When the collector finds the mark queue empty it scans each mutator, one at a time, stopping each mutator to scan its stacks and registers and enqueuing any reference it finds to an unmarked fromspace object. If the collector makes a pass through all the mutators without enqueuing any objects for marking then marking is complete; otherwise marking and scanning continue. Termination relies on the fact that the write barrier prevents retreating the marking wavefront, and that new objects are allocated black. Eventually all reachable fromspace objects will be marked and scanned.

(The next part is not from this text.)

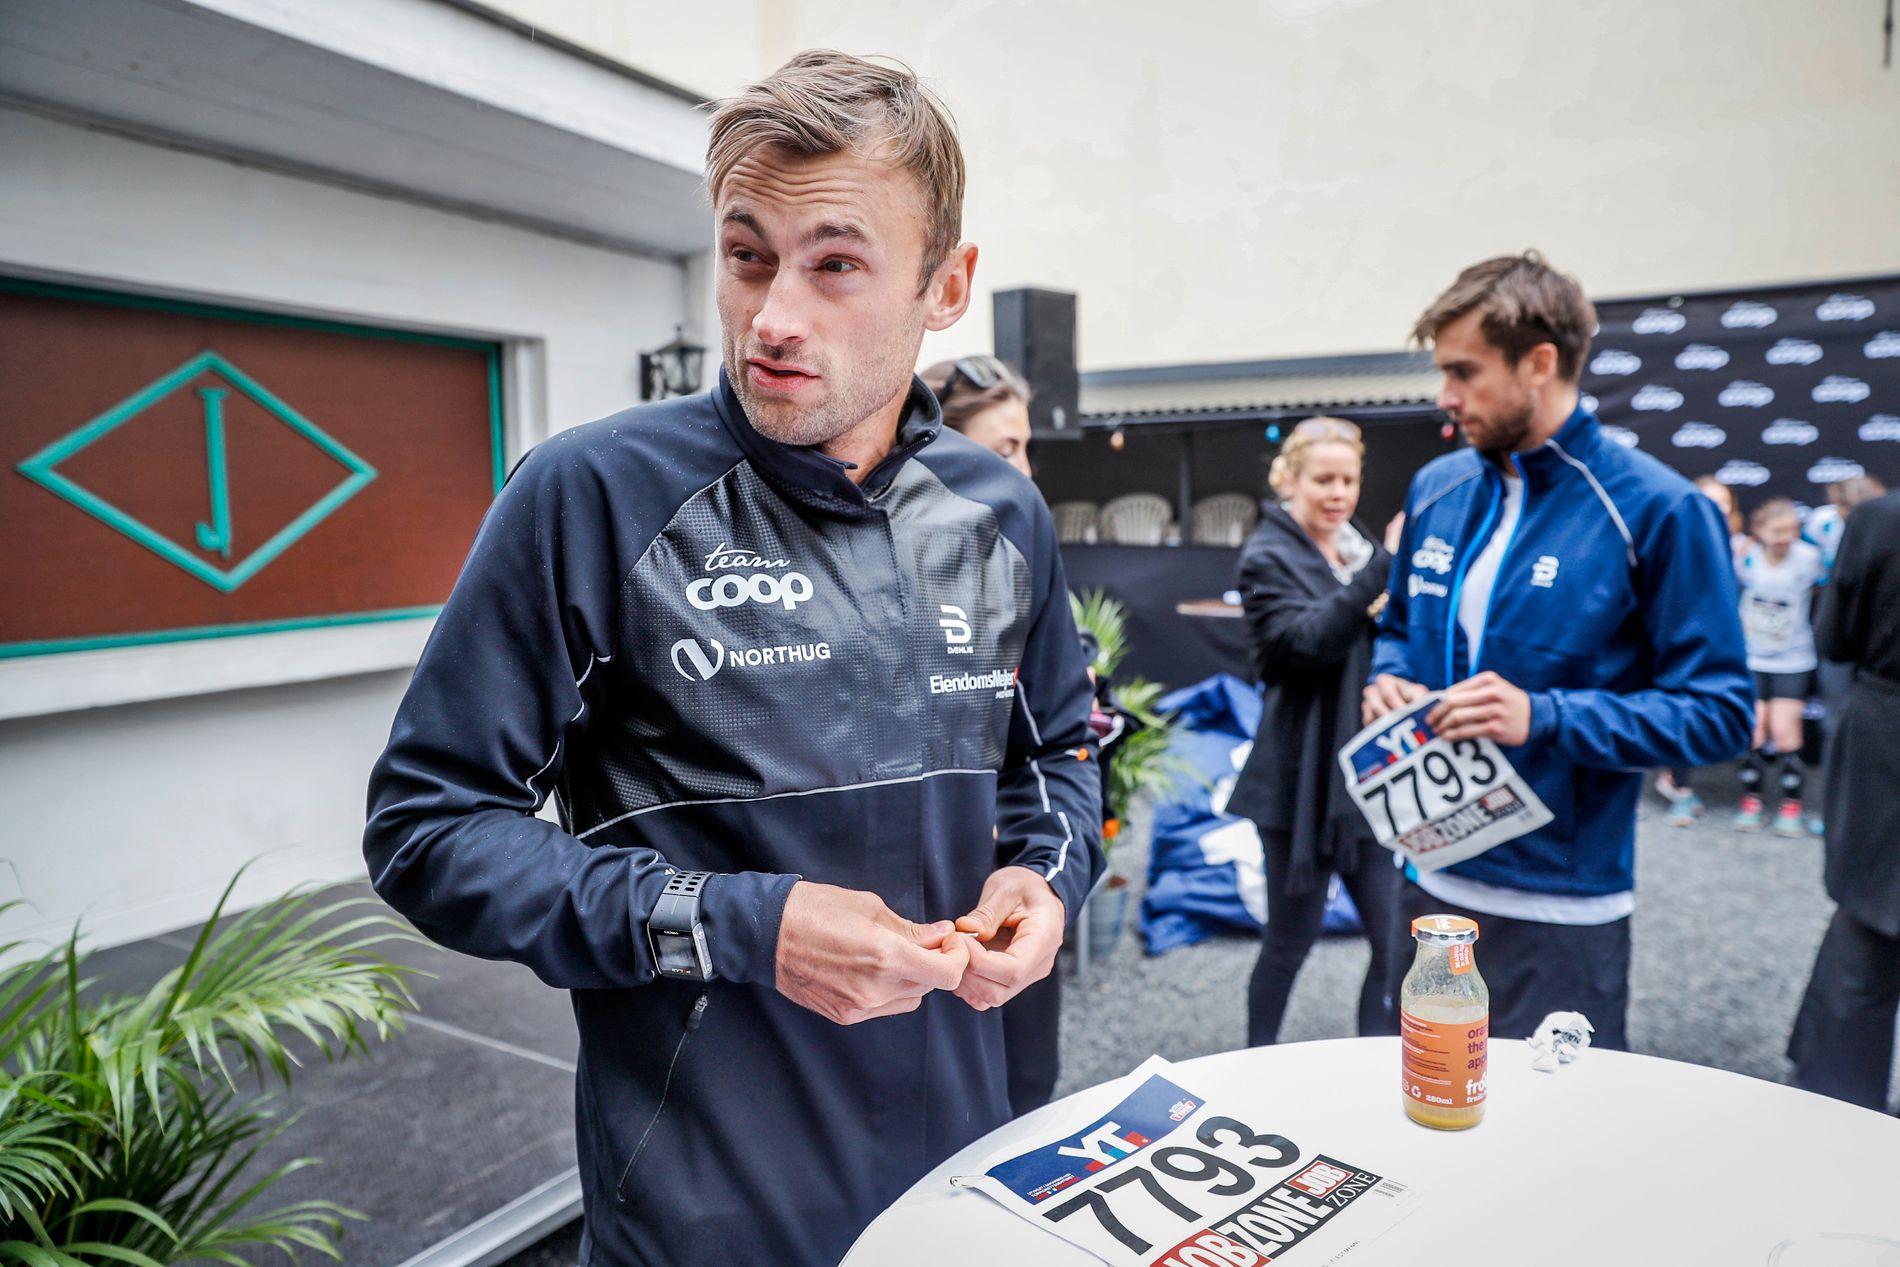 STILTE OPP FOR SPONSOREN: Petter Northug, her sammen med broren Tomas fra et Coop-event etter Holmenkollstafetten i 2017.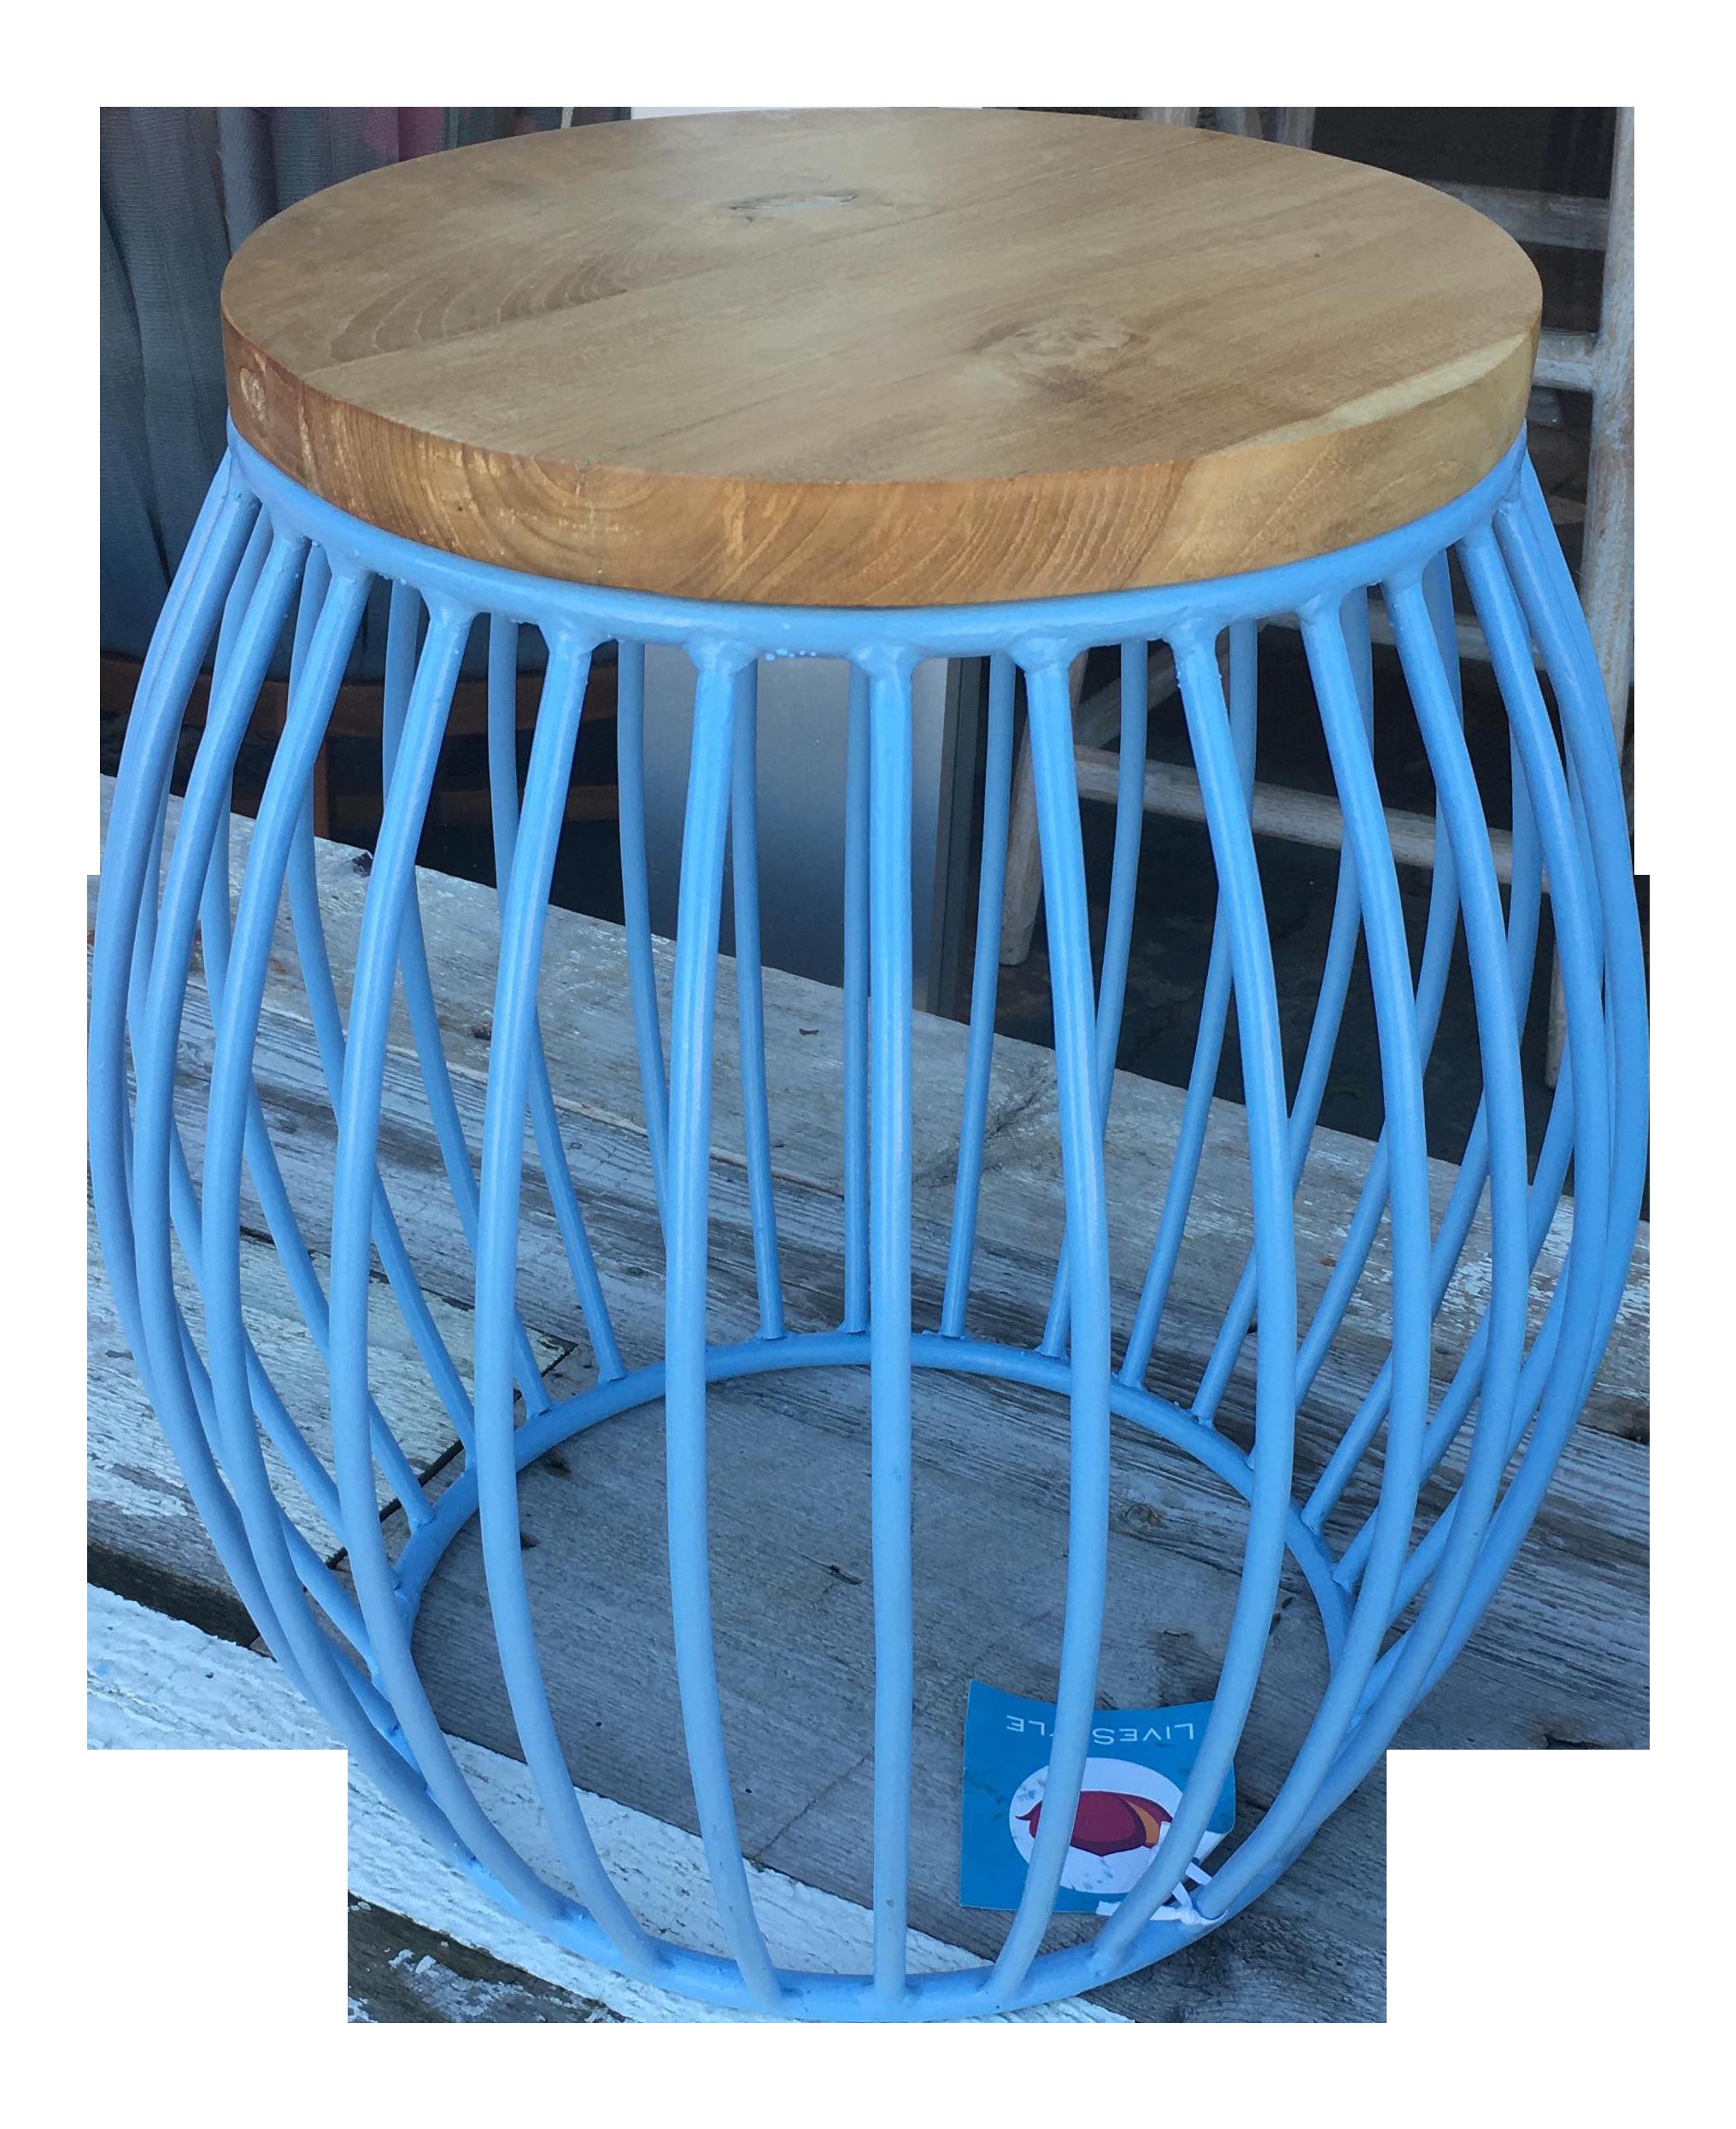 Vintage Amp Used Blue Stools Chairish

The Mark phase has three steps. The PreMark step installs the Mark phase write barrier WriteMark, shown in Algorithm 17.6a. Mutators do not perform any marking directly, but rather enqueue objects for the collector to mark. Fromspace objects that are not marked are implicitly white. Objects in the mark queue are implicitly grey. This can be encoded using an ‘enqueued’ bit which also allows avoiding enqueuing an object more than once. Each mutator has its own queue, so enqueuing normally involves no synchronisation. When the collector scans a mutator’s stack it also empties that mutator’s queue by appending the mutator’s queue onto its own queue.

The RootMark step scans and blackens the global variables by enqueuing their unmarked targets for the collector to mark using WriteMark. Stores into newly-allocated objects, including initialising stores, invoke the write barrier, so newly-allocated objects are treated as black. Mutator stacks and registers are still grey.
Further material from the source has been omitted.